TASK STATEMENT: The data that follows is to be copied exactly, with each image removed.

INFORMATION SUPPLIED:
——

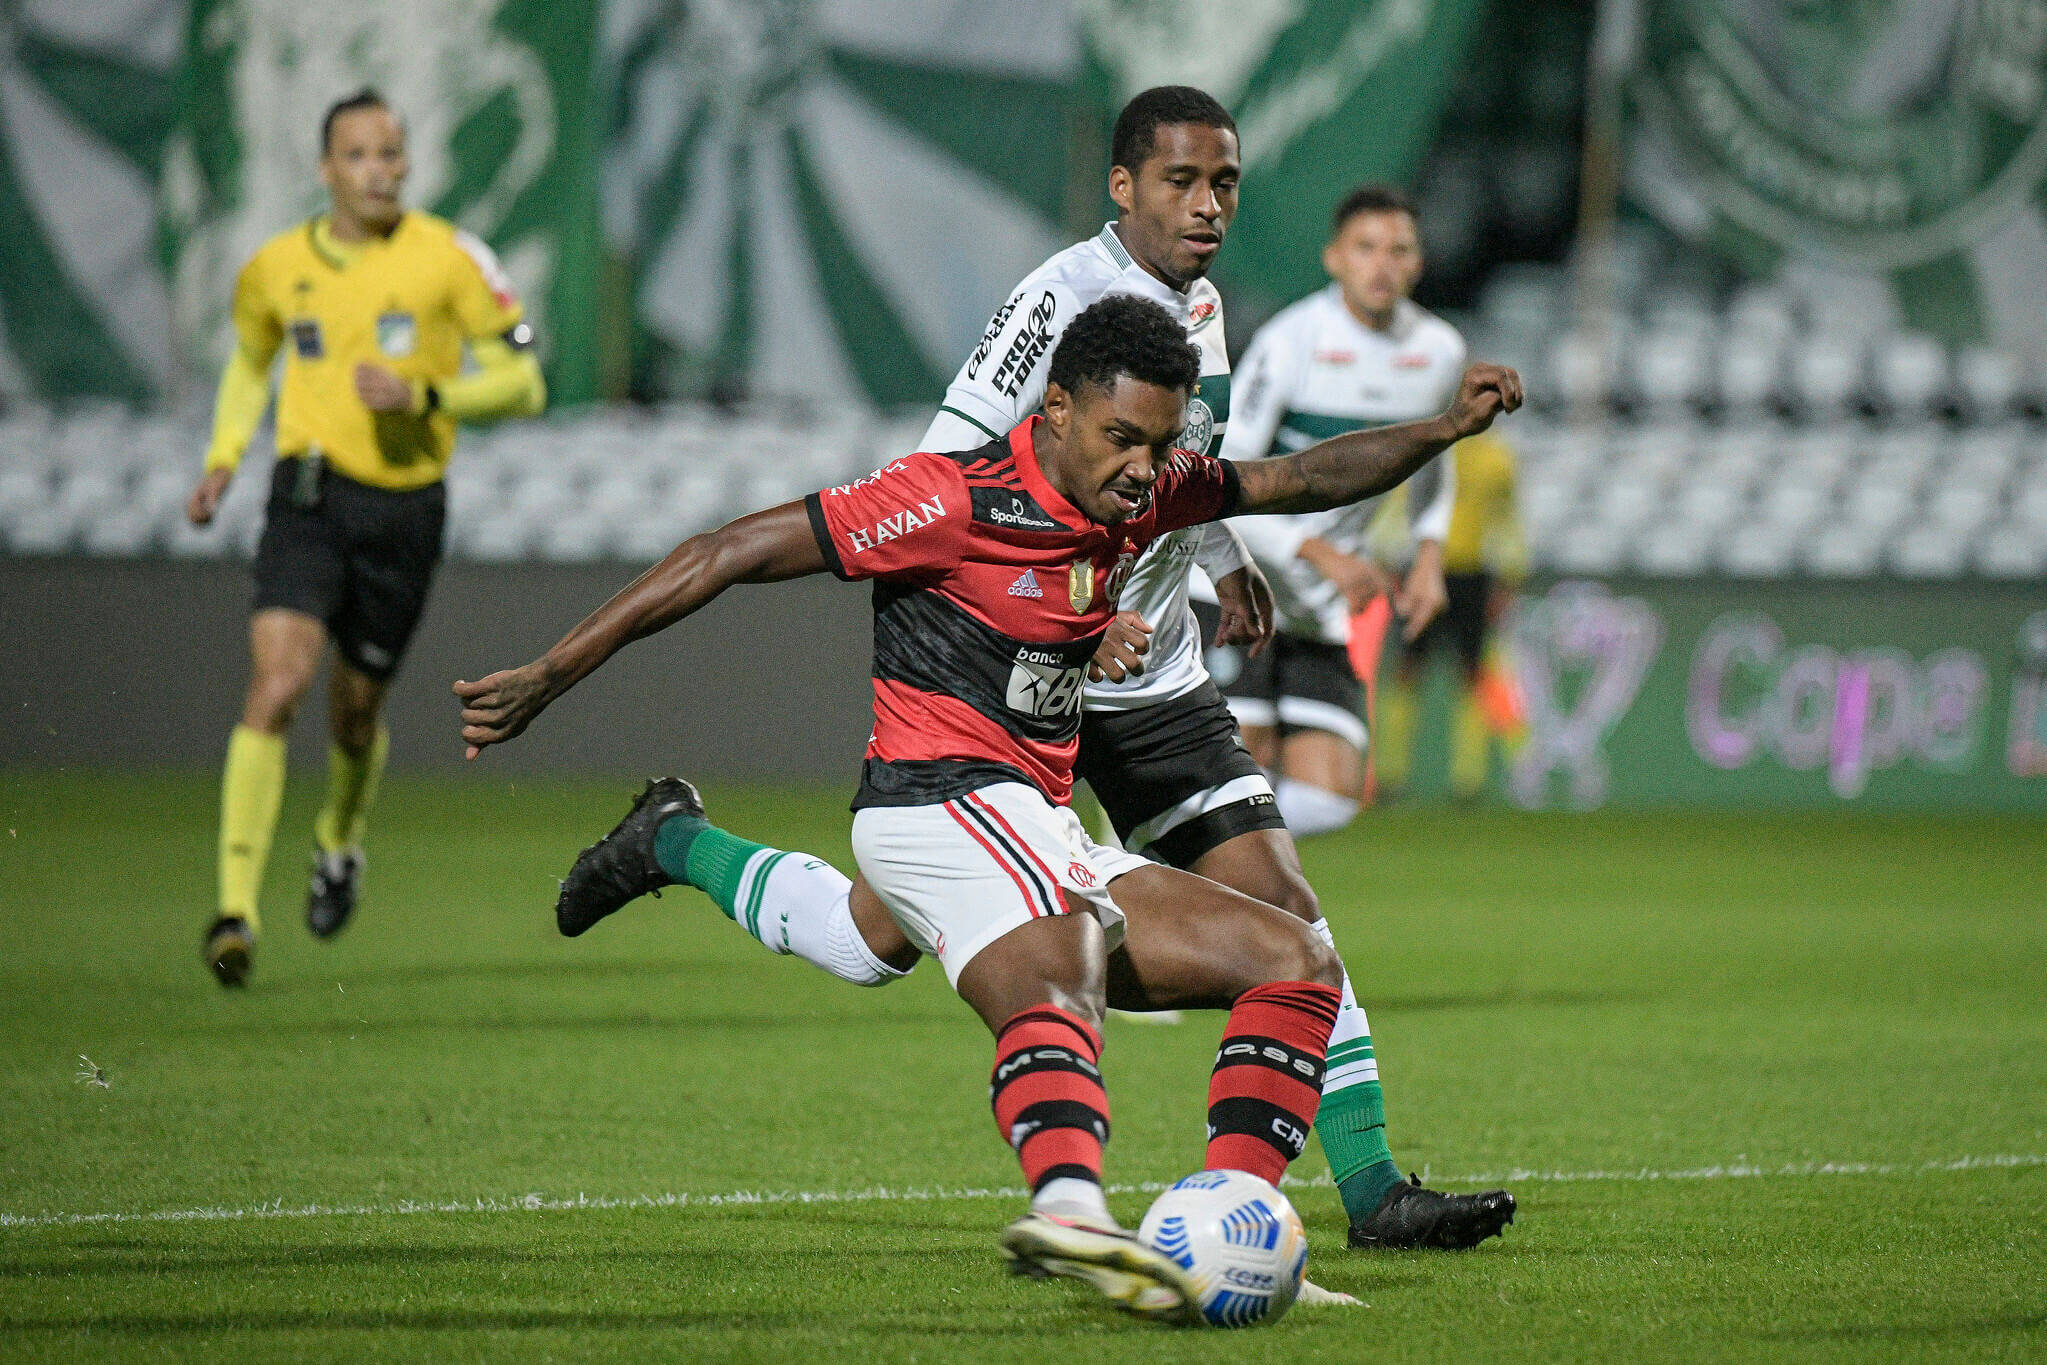 Foto: Alexandre Vidal / Flamengo
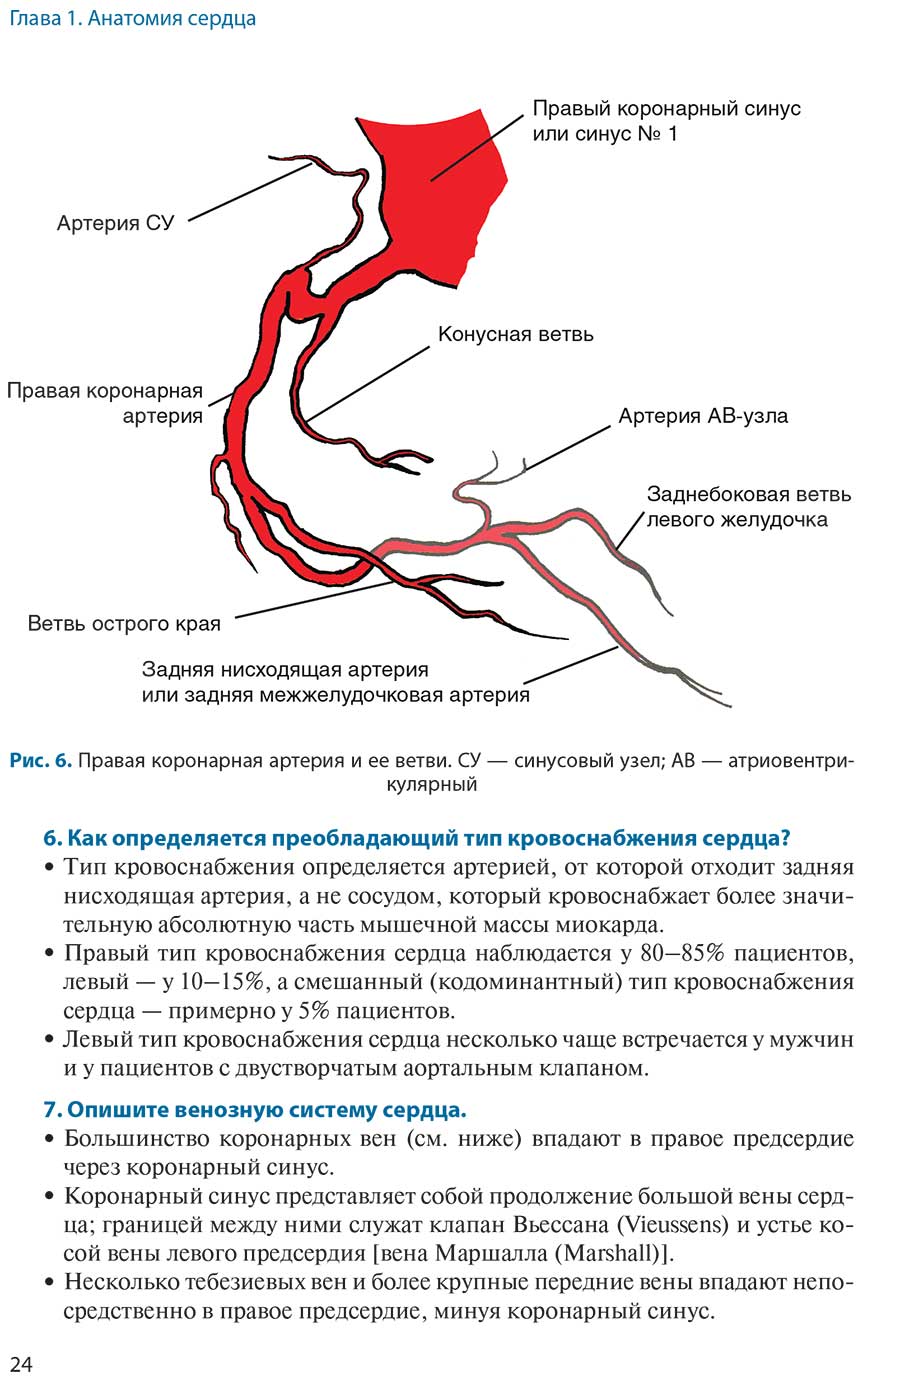 Рис. б. Правая коронарная артерия и ее ветви
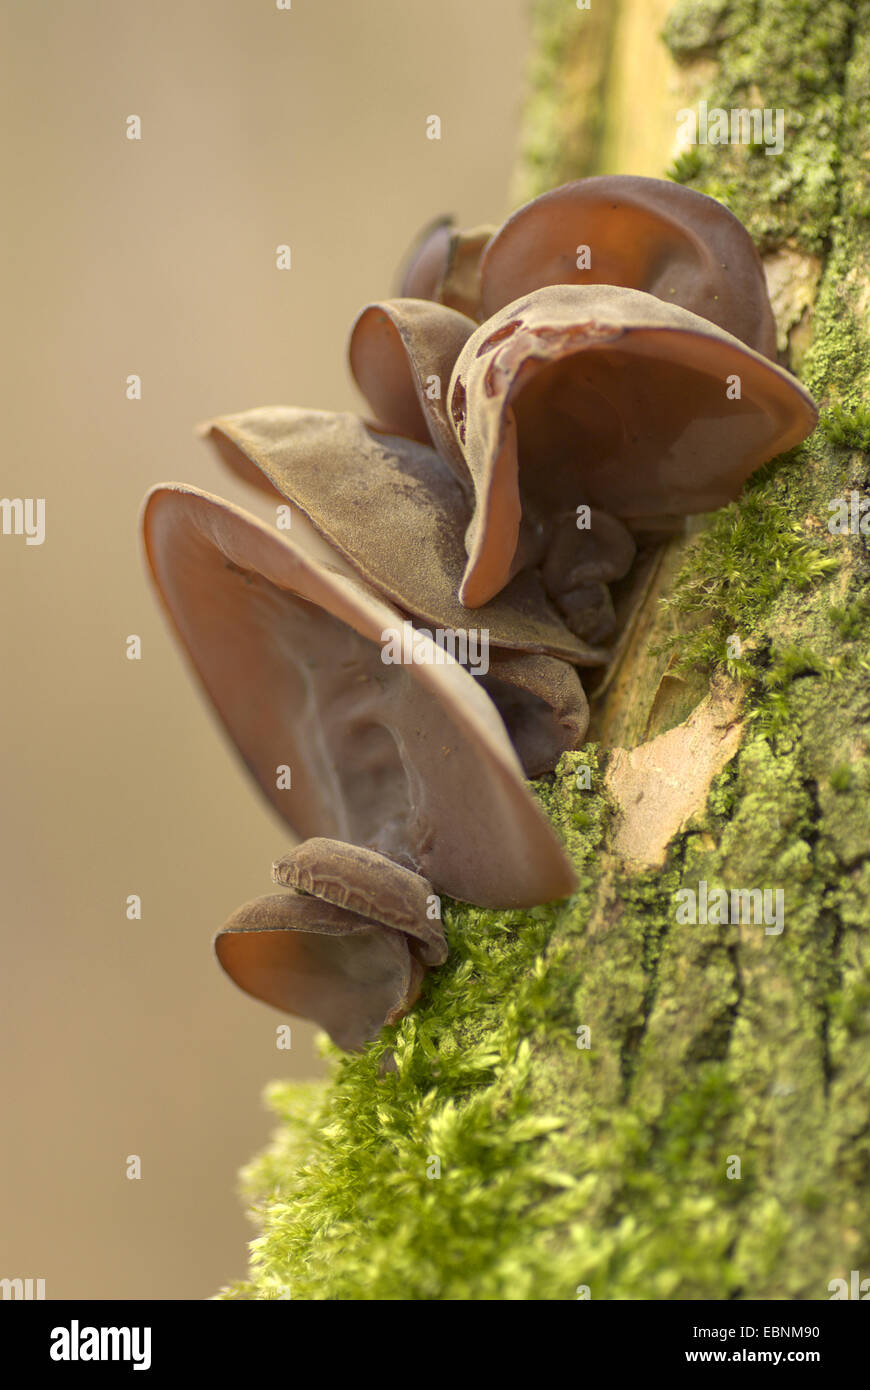 Jelly orecchio (Auricularia padiglione auricolare-judae, Hirneola padiglione auricolare-judae), di corpi fruttiferi sul tronco di albero, Germania Foto Stock

——

YOUR RESPONSE:
 Foto: Alexandre Vidal / Flamengo
 Рис. б. Правая коронарная артерия и ее ветви
 Jelly orecchio (Auricularia padiglione auricolare-judae, Hirneola padiglione auricolare-judae), di corpi fruttiferi sul tronco di albero, Germania Foto Stock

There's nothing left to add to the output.